» DATA SEGMENT:
-- -- --

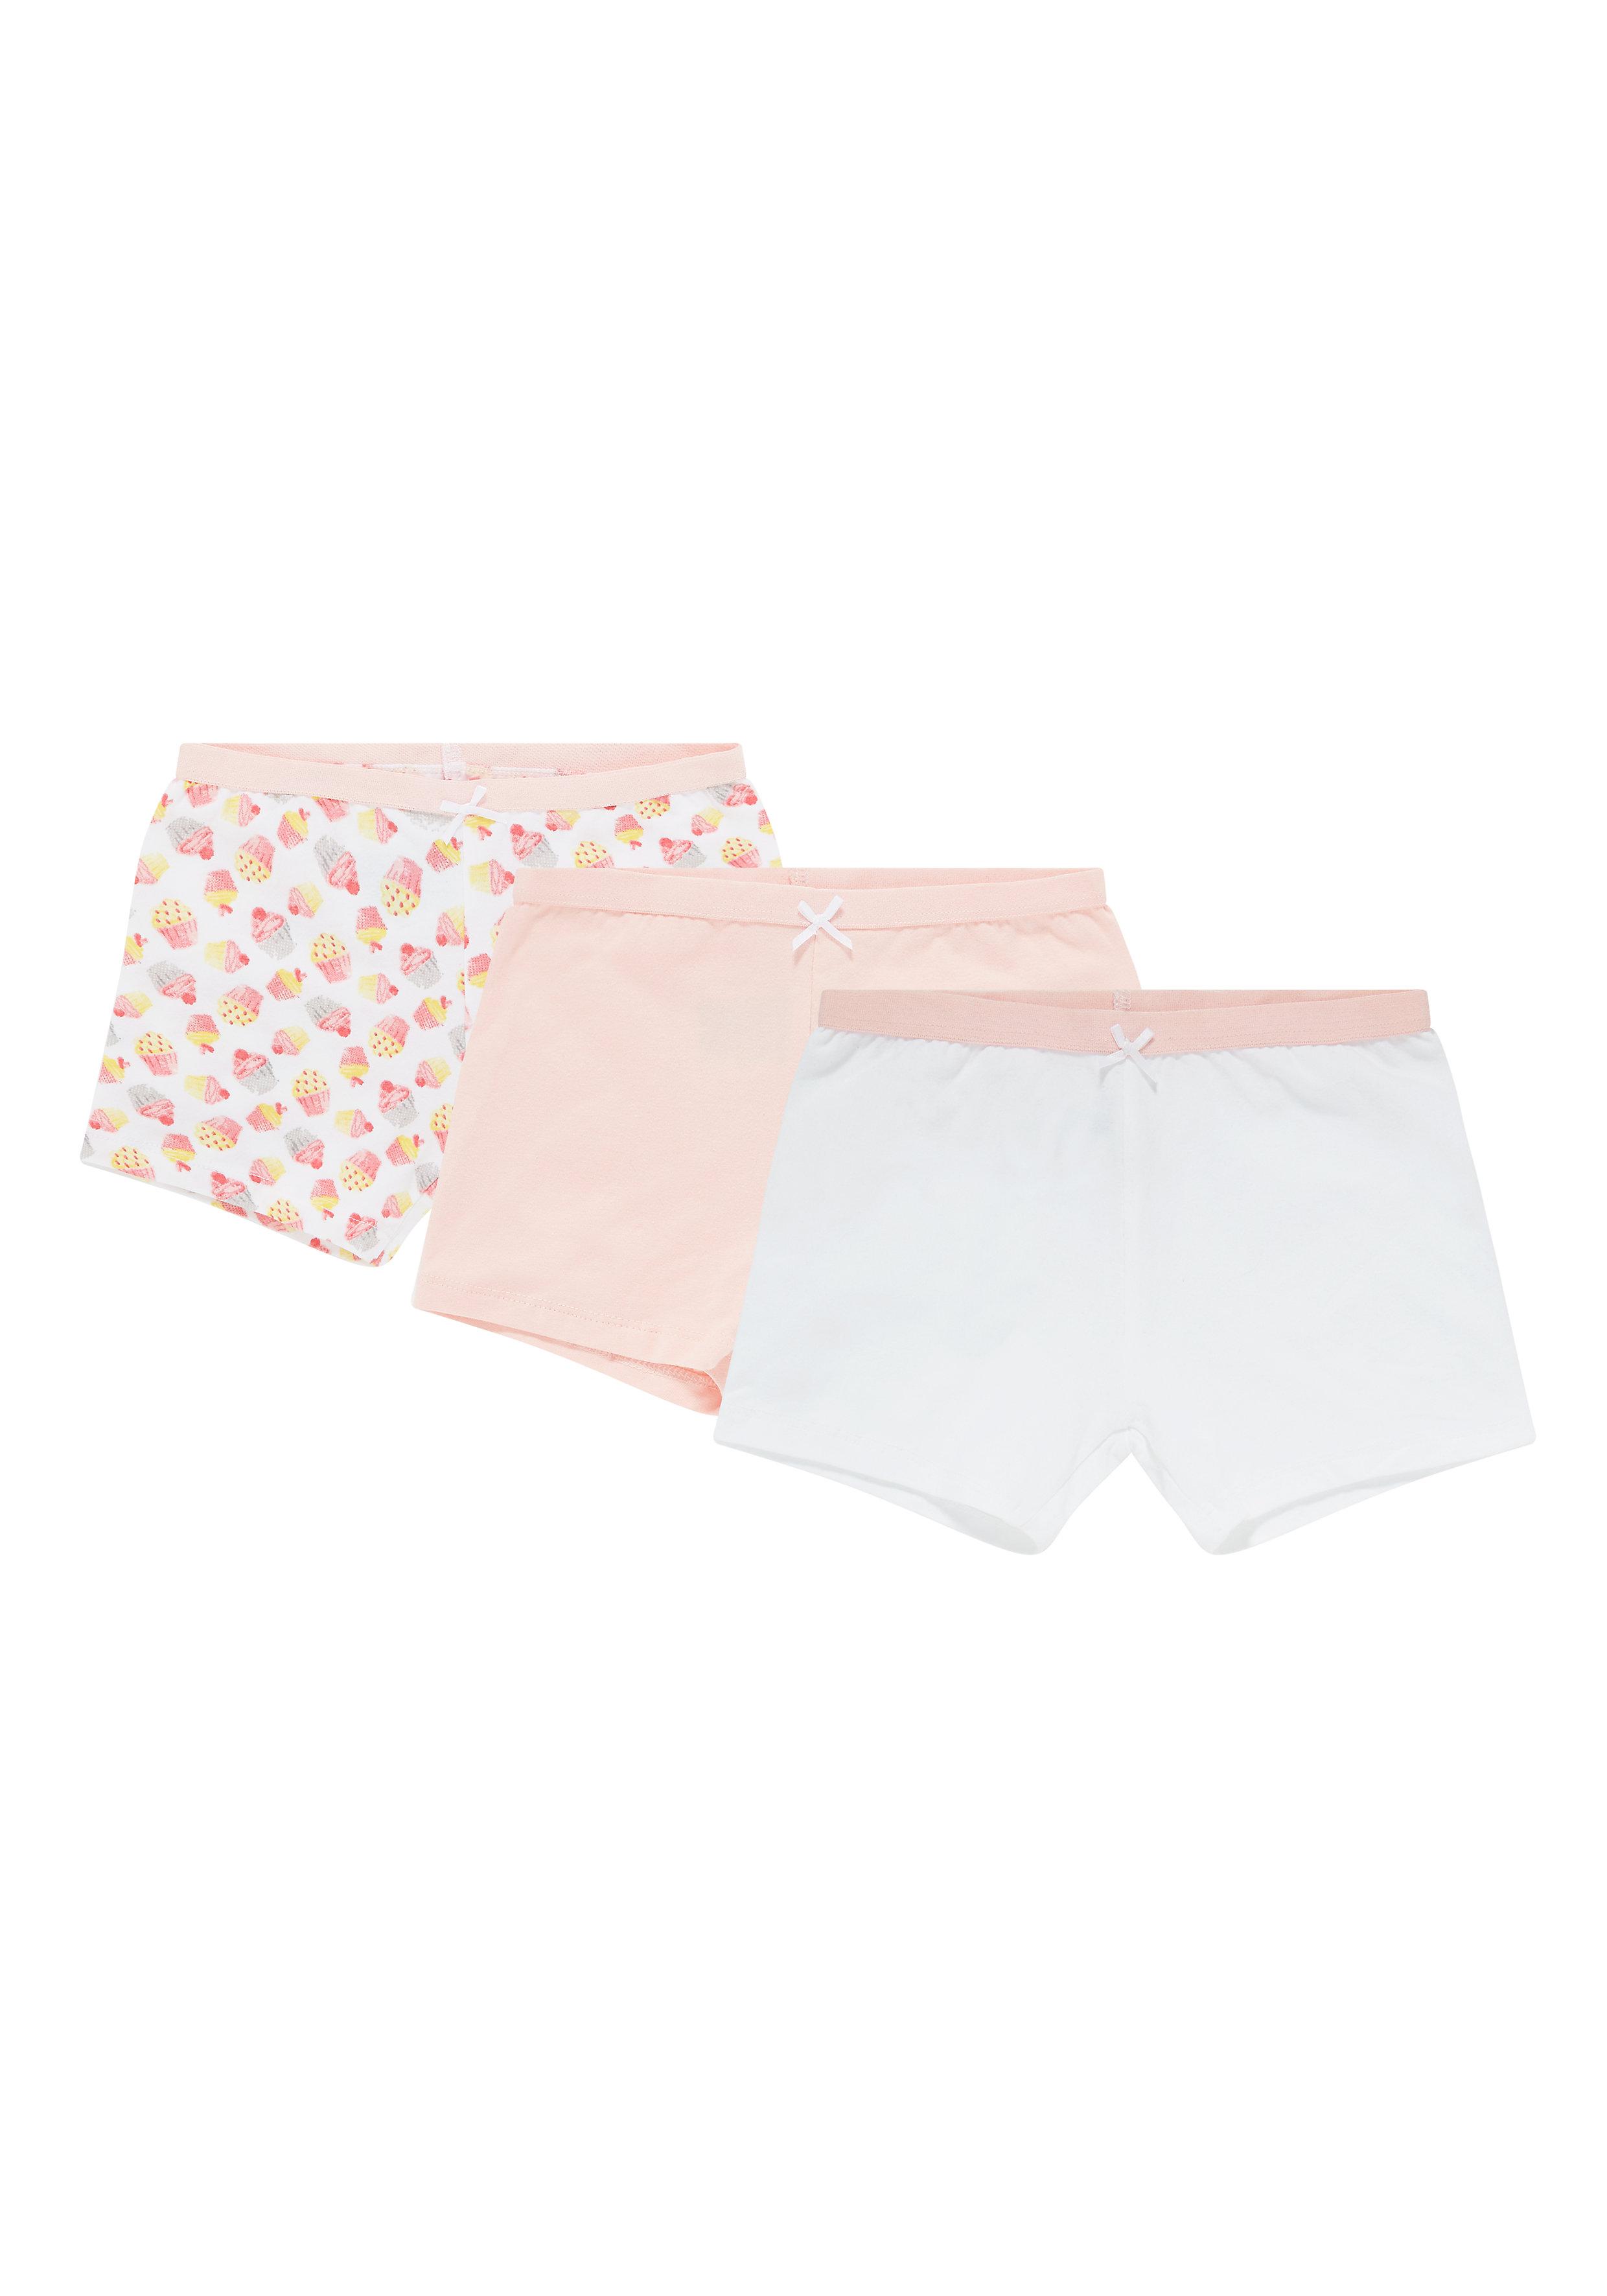 Mothercare | Girls Cupcake Shorts - 3 Pack - Pink
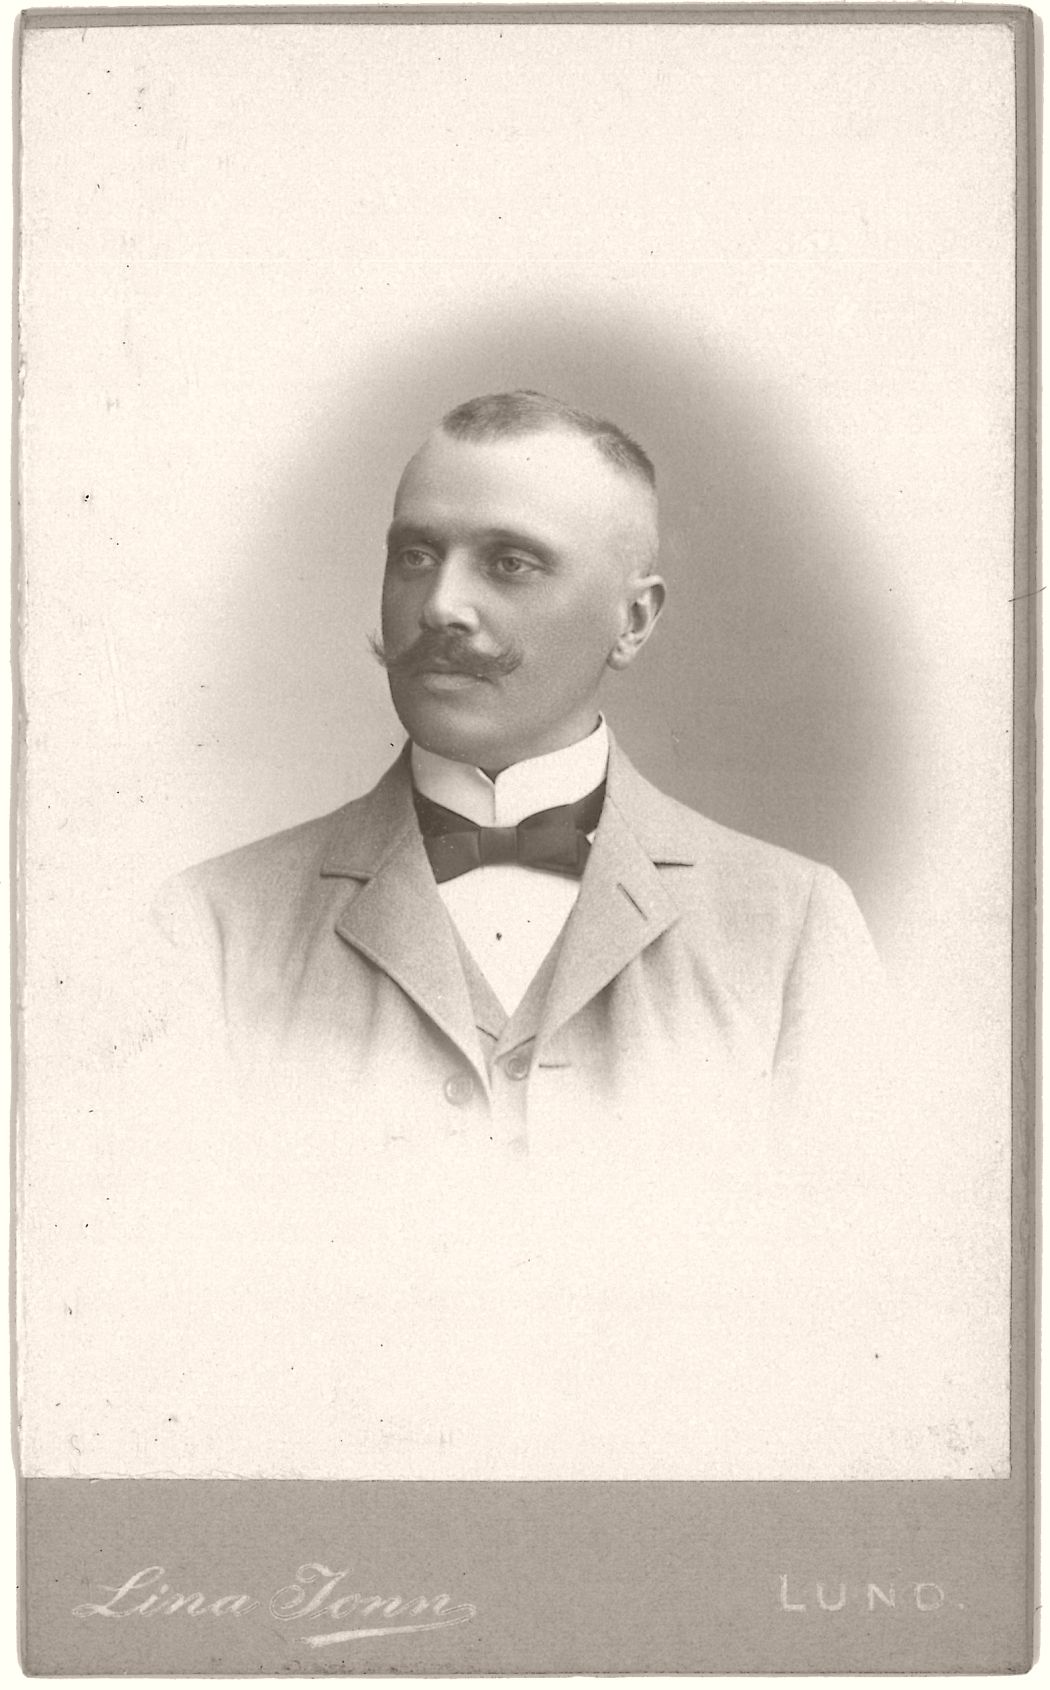 Ernst A. Kallenberg (1866-1947), Swedish jurist and professor at Lund University.
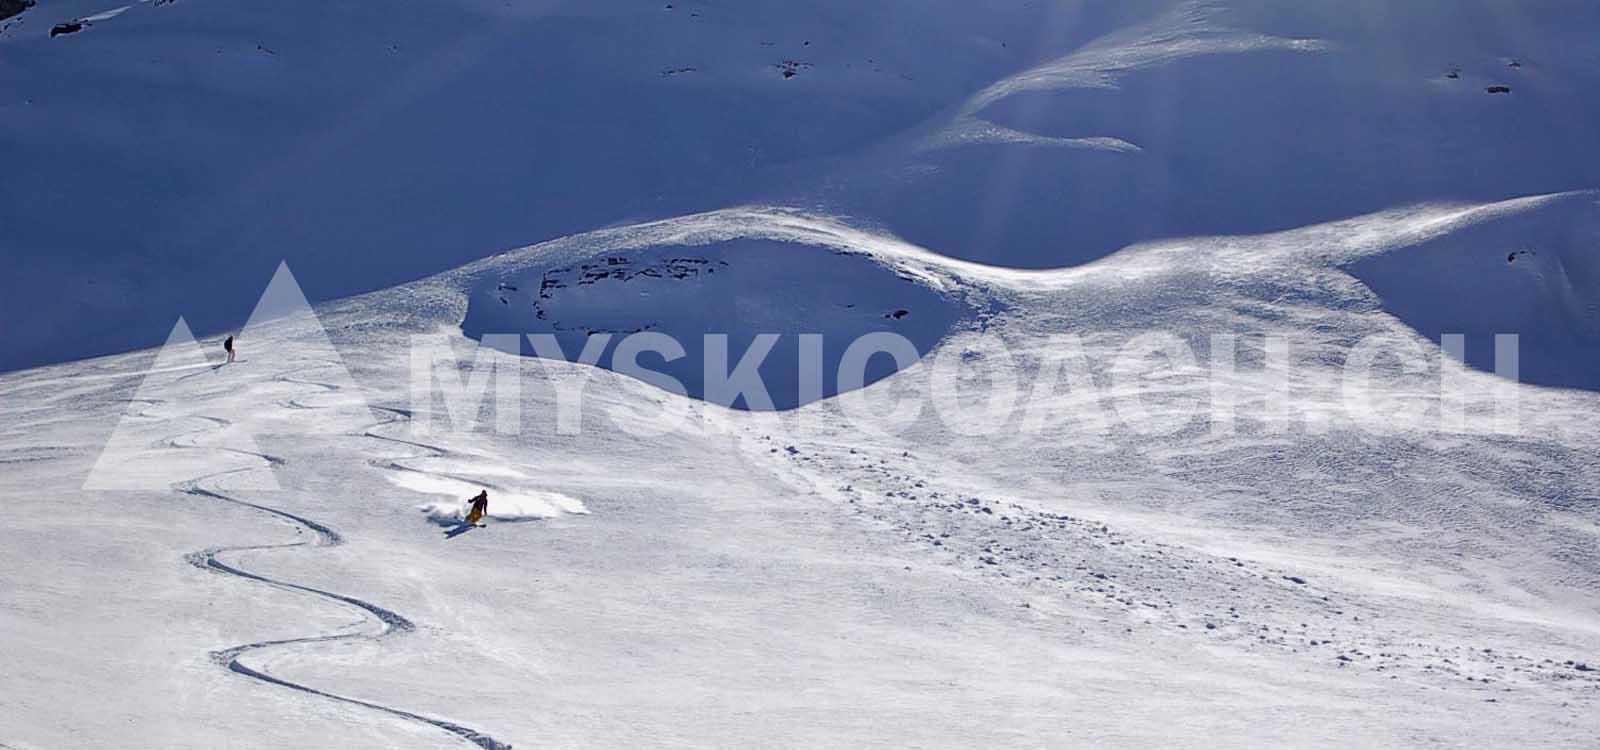 Avalanche course Valais ¦ Basics ¦ Snow Safety Myskicoach.ch

-- -- --

» TASK TO CARRY OUT: Retype all the material word for word while skipping any picture it contains.

» WRITTEN SOLUTION:
 Mothercare | Girls Cupcake Shorts - 3 Pack - Pink
 Ernst A. Kallenberg (1866-1947), Swedish jurist and professor at Lund University.
 Avalanche course Valais ¦ Basics ¦ Snow Safety Myskicoach.ch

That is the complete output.